The Conyers-Cohen press release, one of several recently released by Cohen’s office, highlighted one of the incumbent congressman’s built-in advantages in generating media. Cohen has three opponents in the 2016 Democratic primary — Shelby County Commissioner Justin Ford, Larry Crim, and M. LaTroy Williams. Republican Wayne Alberson
and independent Paul Cook
will be on the November ballot.
• More fallout
: The Court’s decision on the invalidated Texas statute, incidentally, will almost surely have repercussions in Tennessee, where the General Assembly in recent years had enacted laws with provisions almost identical to those in the Texas law, which basically required doctors performing abortions to have admitting privileges at nearby hospitals and imposed rigid standards on abortion clinics resembling those for hospitals performing outpatient surgery.
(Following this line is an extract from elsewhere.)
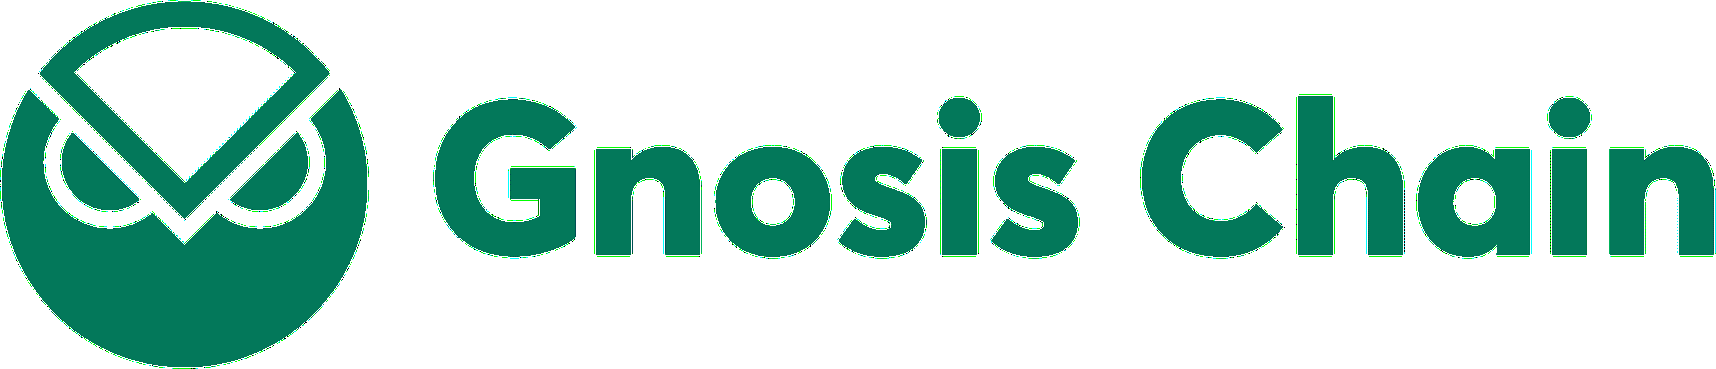 Le logo de la Gnosis Chain

Laws passed by the Tennessee legislature in 2012 and 2014 had made similar specifications, which have been challenged in the U.S. District Court in Nashville.
• Promises, promises: The fact that a freshman seat In the U.S. House of Representatives — to be one of 435 — is the equivalent of landing an entry-level job in the federal government, the continuation of which is entirely contingent on the good will (or passing whims) of voters back home, is often lost sight of in the heat of campaigning. Candidates want to suggest that they can, all by themselves, shift national policy, and who can blame them?
Along this line, it will be hard for any of his competitors to beat two claims made by 8th District Republican congressional candidate David Kustoff in a TV commercial that just hit the airwaves over the weekend. The ad proclaims, of course, that Kustoff, the former U.S. Attorney for Western Tennessee, has impeccable credentials as a conservative and will, for example, oppose Obamacare, but it makes two additional claims that are unprecedented in their magnitude.
In the checklist of promises with which the commercial concludes, one learns that Kustoff will (drumroll) “end illegal immigration” and (thunder and lightning) “destroy radical Islamic terrorism.” Not to vote to do these things, mind you, but — well, just to do them.